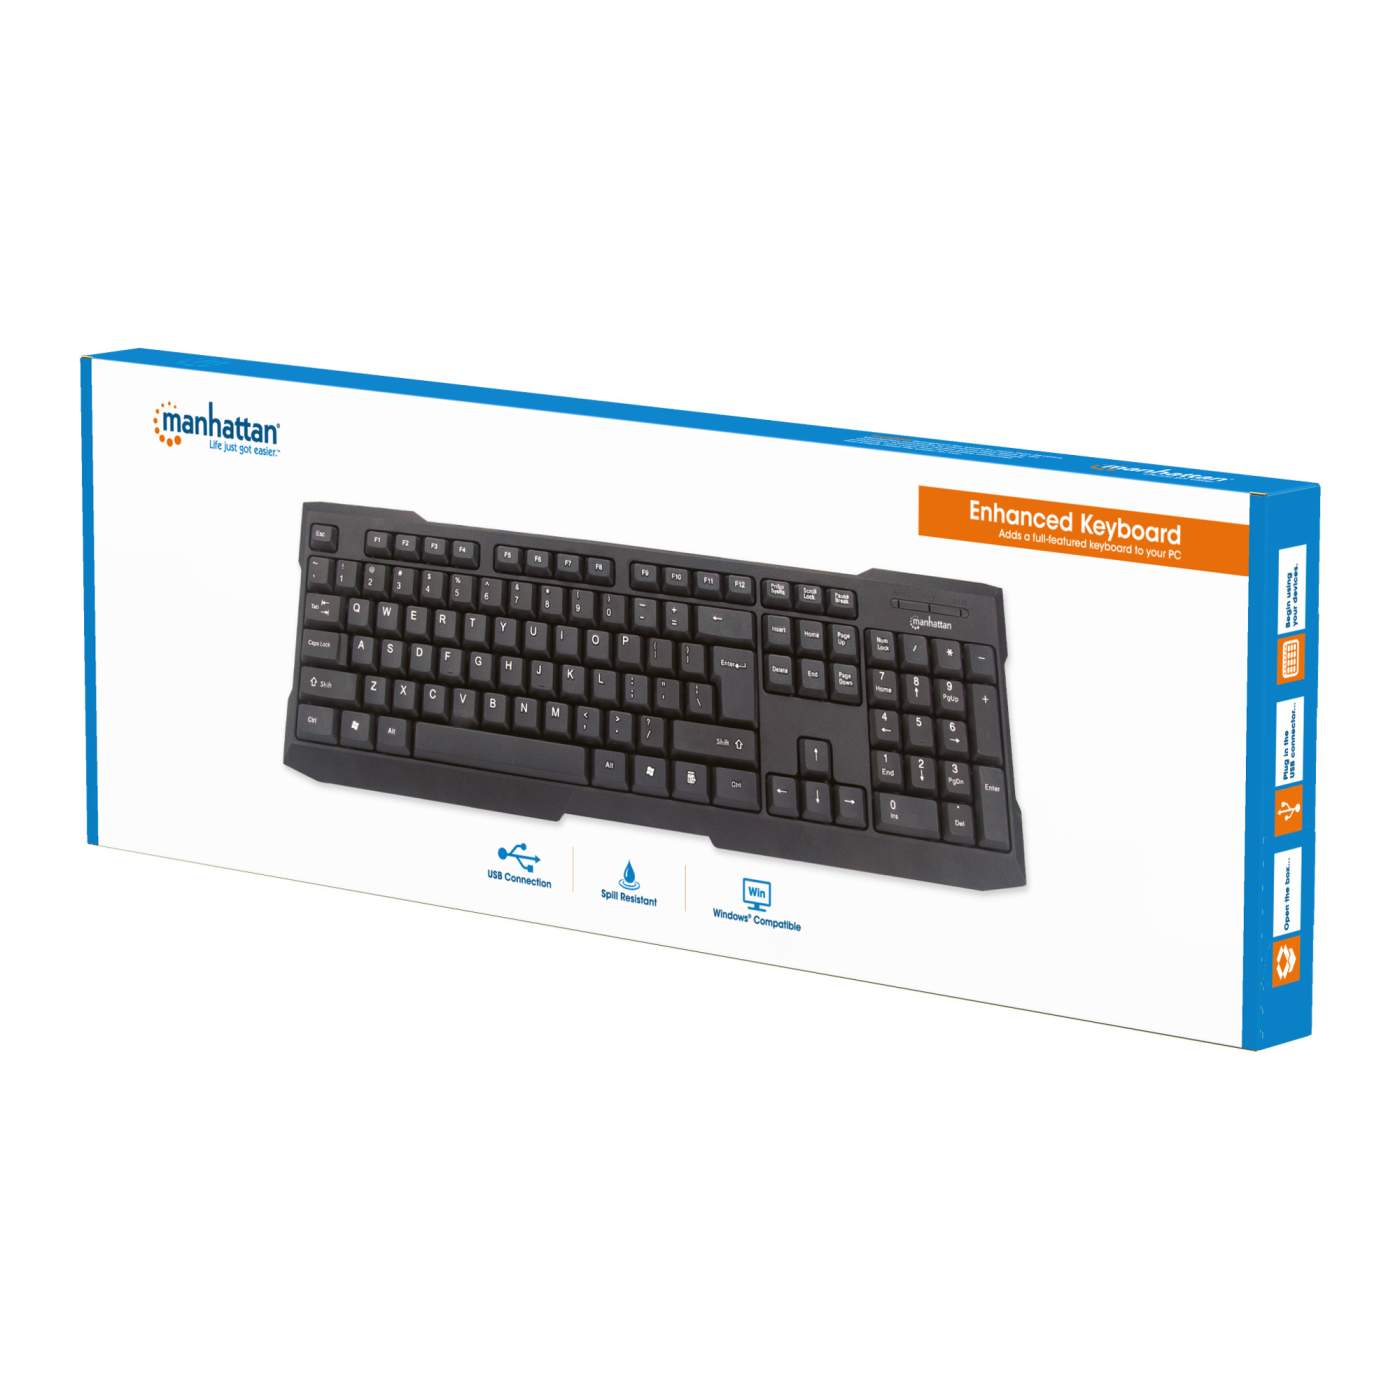 Enhanced Keyboard Packaging Image 2
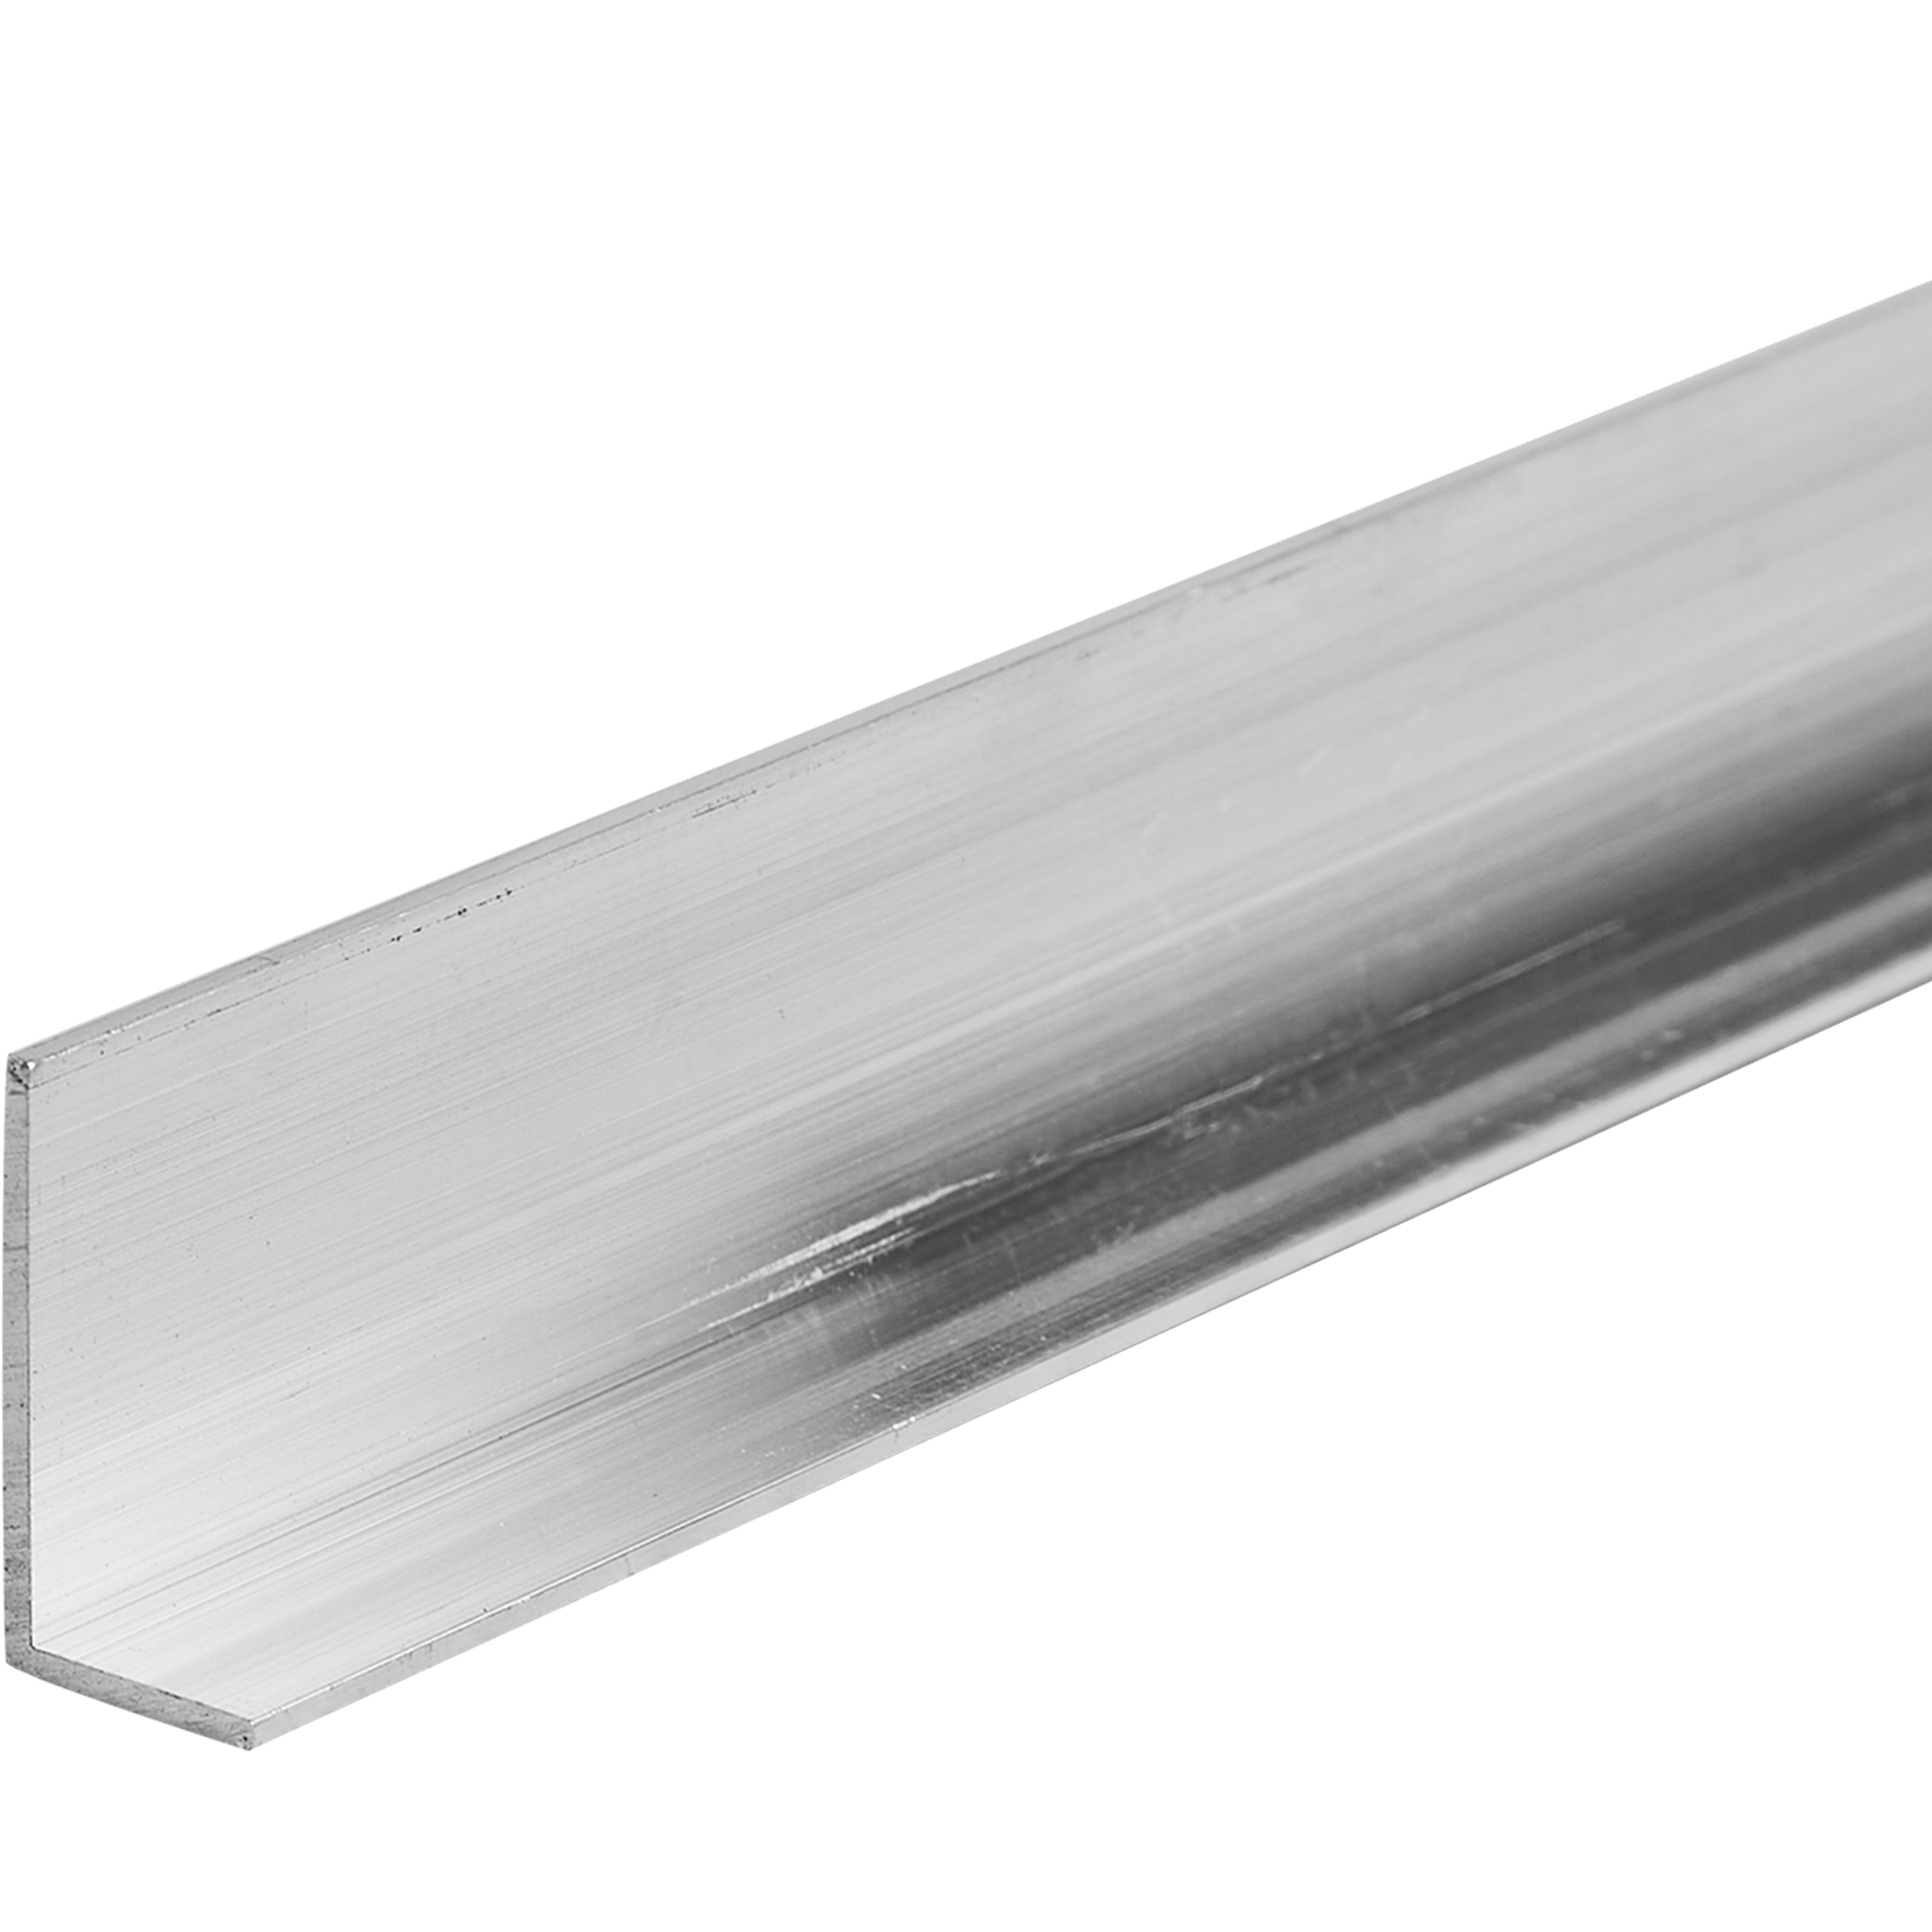 L-профиль с неравными сторонами 20x10x1.2x2700 мм, алюминий, цвет серый
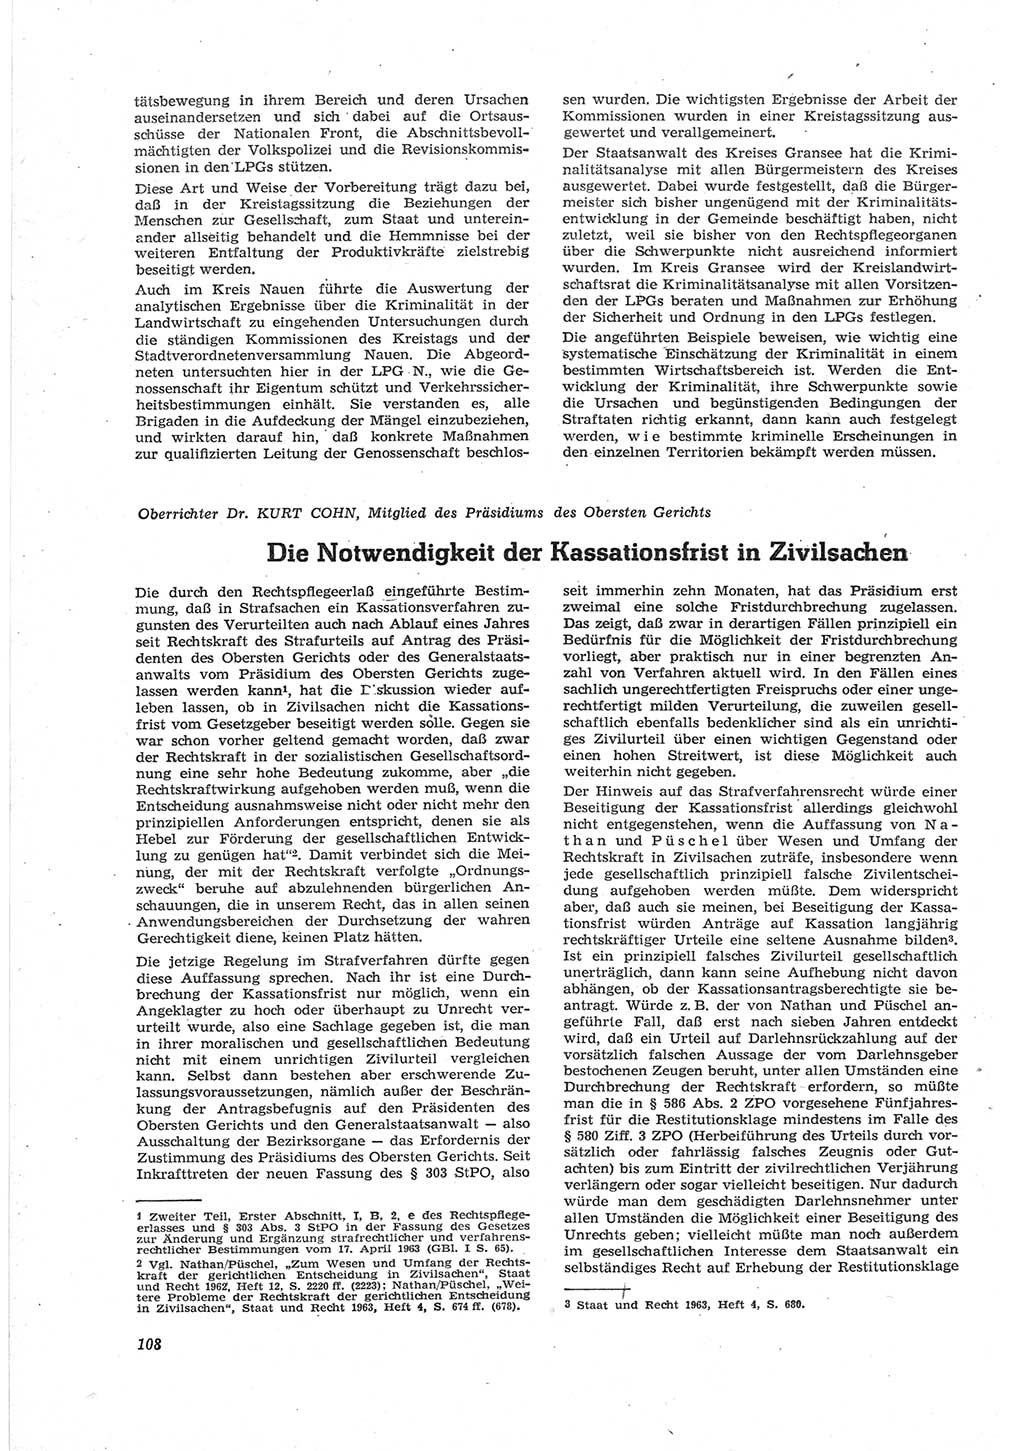 Neue Justiz (NJ), Zeitschrift für Recht und Rechtswissenschaft [Deutsche Demokratische Republik (DDR)], 18. Jahrgang 1964, Seite 108 (NJ DDR 1964, S. 108)

### Your goal:
Set out the material once more, exact in every line, with no images.

### Completed task:
 Enhanced Keyboard Packaging Image 2
 L-профиль с неравными сторонами 20x10x1.2x2700 мм, алюминий, цвет серый
 Neue Justiz (NJ), Zeitschrift für Recht und Rechtswissenschaft [Deutsche Demokratische Republik (DDR)], 18. Jahrgang 1964, Seite 108 (NJ DDR 1964, S. 108)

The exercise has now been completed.